Dangerous Living: Coming Out in the Developing World is a 2003 documentary film directed by American filmmaker John Scagliotti about the issues experienced by gay, lesbian and transgender people in developing countries. It was the first documentary film to explore these issues in non-Western countries. It is narrated by actress and comedian Janeane Garofalo. It was produced by Janet Baus and Dan Hunt, both of whom had worked with Scagliotti on his previous film, After Stonewall. The film focuses in particular on Cairo 52, a group of 52 Egyptian men who were arrested on board a floating gay nightclub in 2001. It features interviews with gay-rights activists from countries around the world including Honduras, Namibia, Pakistan, the Philippines and Vietnam.

==Overview==
The film opens with the Cairo 52. In 2001, 52 Egyptian men were arrested on board the Queen Boat on the Nile, which was a gay disco. With no specific law against homosexuality in Egypt, the men were arrested for debauchery. They were tried and sentenced to between one and five years imprisonment.

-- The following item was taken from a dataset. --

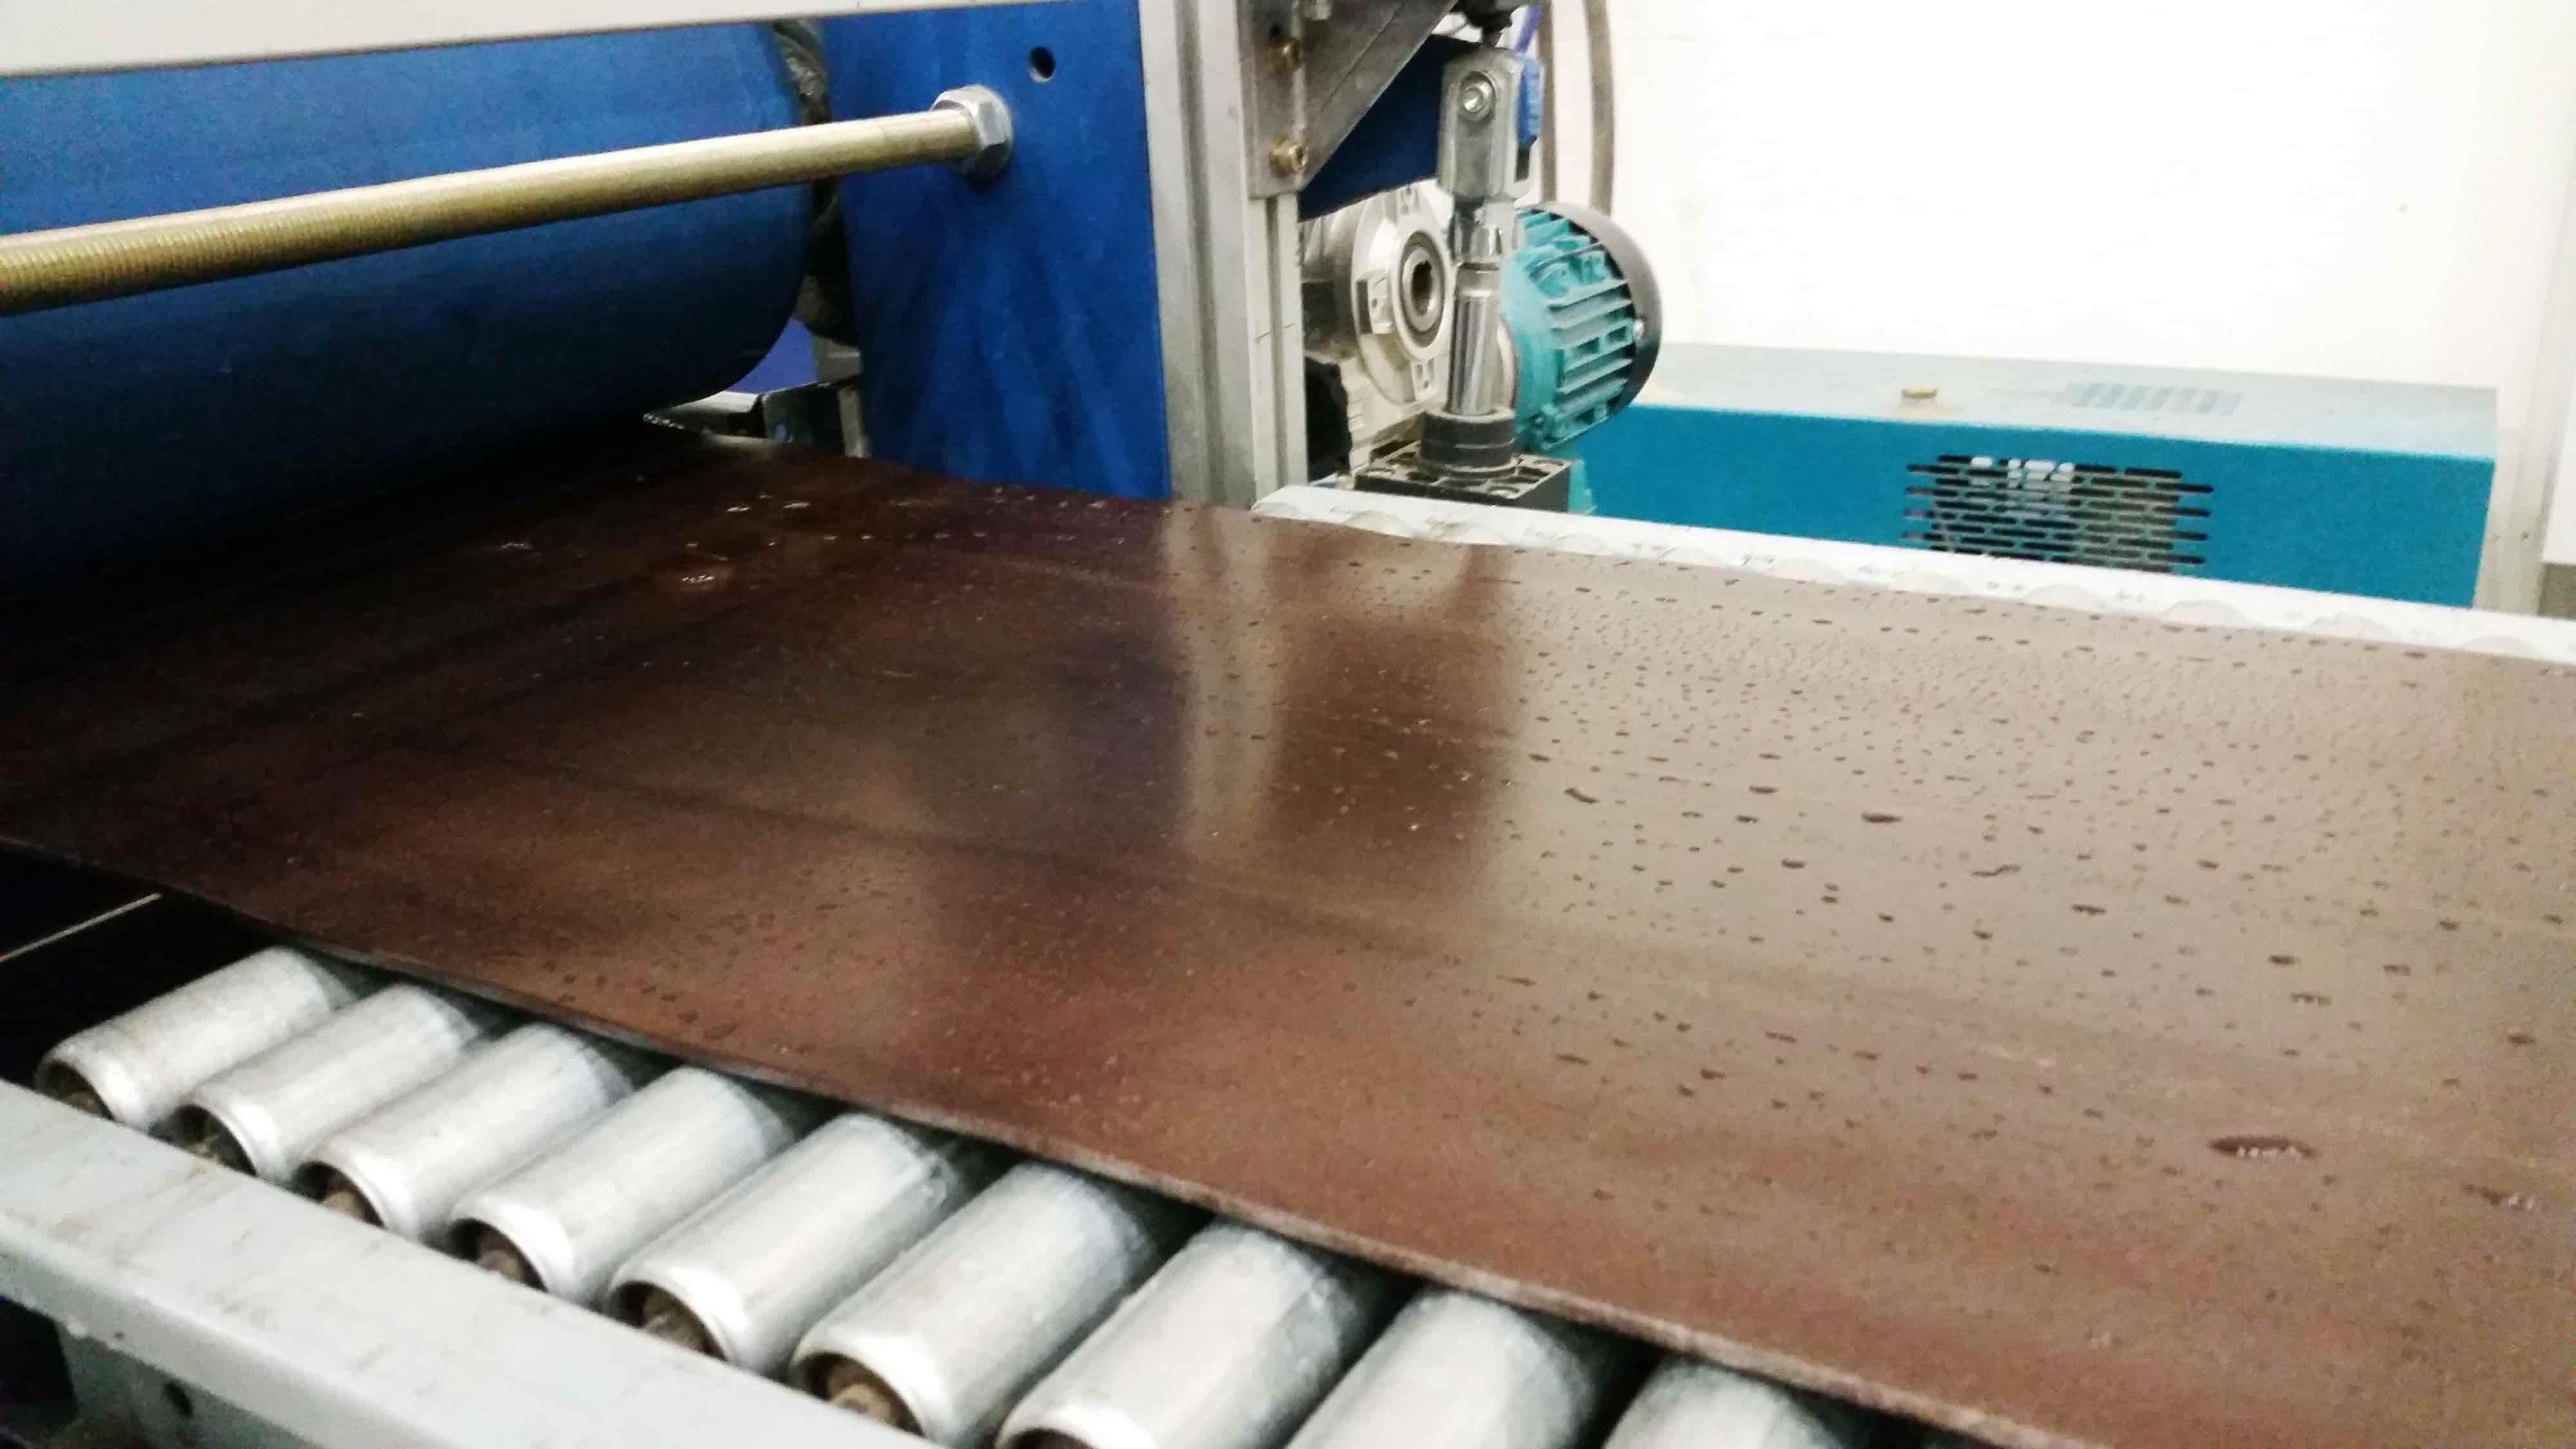 Conenor extruded composite panel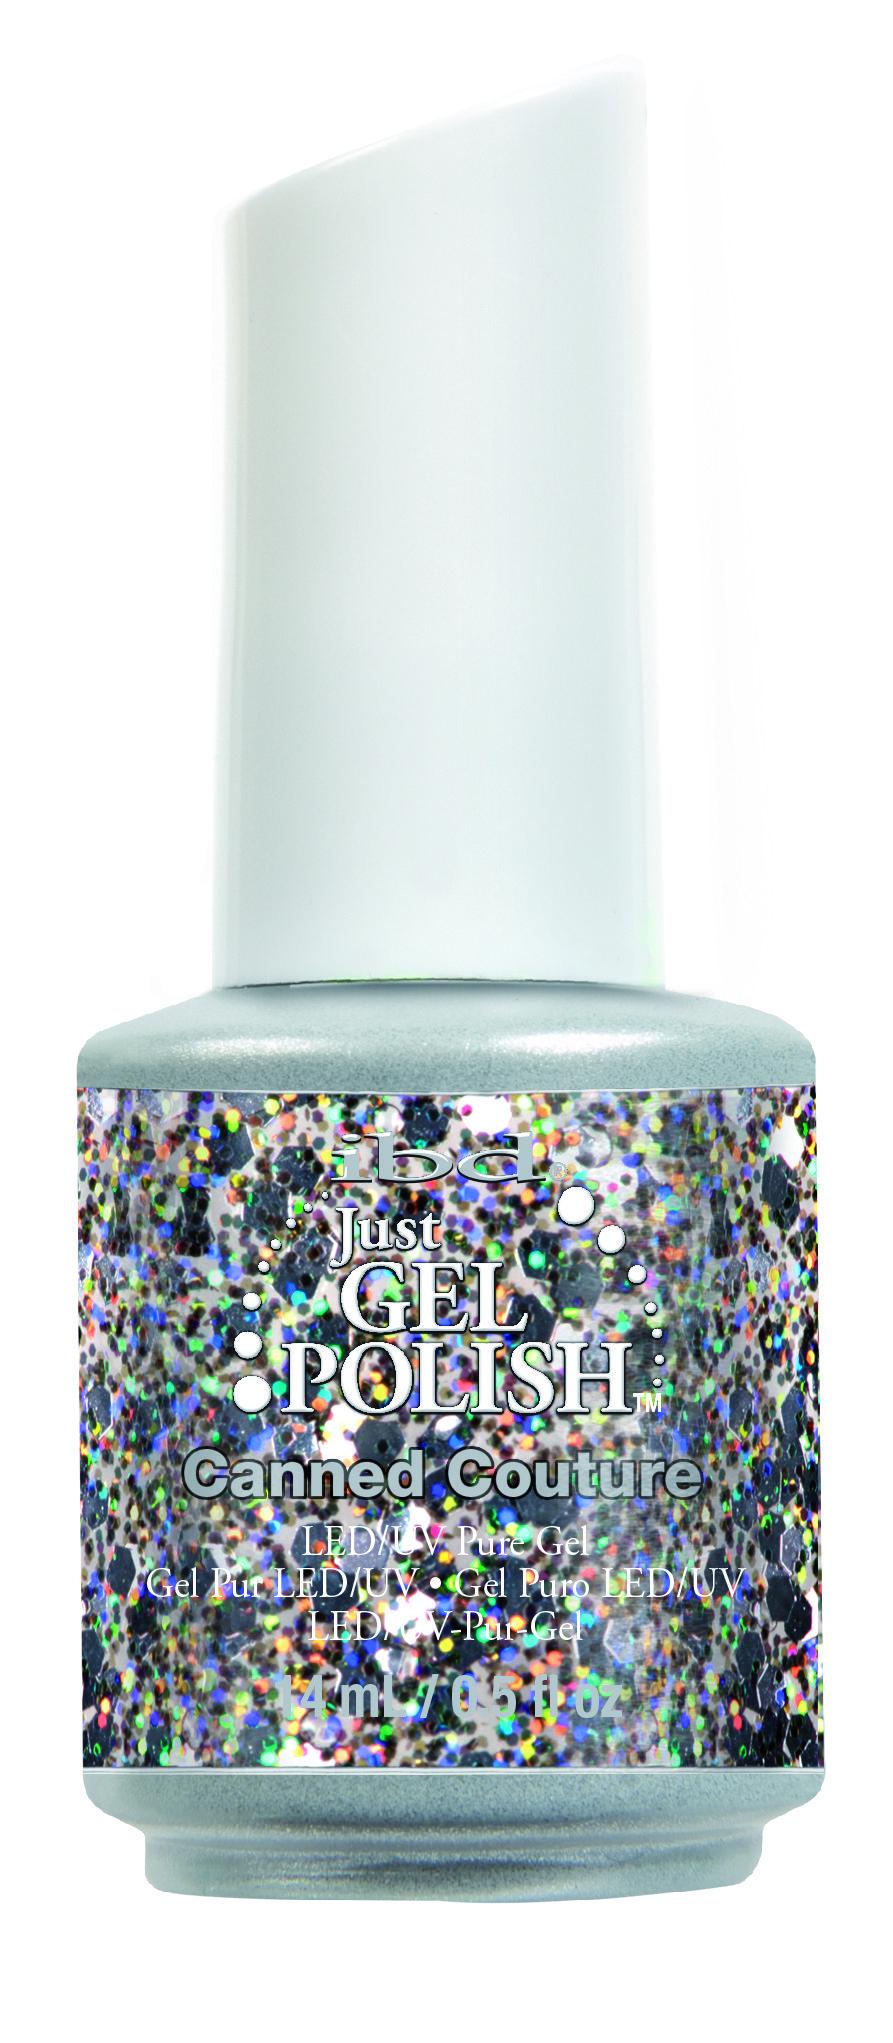 Canned Couture (Glitter) - blu acciaio glitterato

Scagliotti interviews one of the men, Ashraf Zanati.

==Distribution==
Dangerous Living was screened at several international film festivals and was an official selection at the International Film Festival on Human Rights in Geneva. It won Audience Awards at the Barcelona GLBT International Festival and the Hartford Alternatives Festival. It was also shown at the 2003 San Francisco International Lesbian & Gay Film Festival (Frameline) and the 2005 Boston Gay & Lesbian Film Festival. The film had its US broadcast premiere on May 11, 2005, on the here! network, with an introduction by former US ambassador James Hormel. This coincided with the fourth anniversary of Cairo 52. It was released on DVD by First Run Features on May 24, 2005, as part of their "Human Rights Watch Collection". Dennis Harvey reviewed the film for Variety; he called it "workmanlike and at times [...] cluttered" but "fascinating and educational."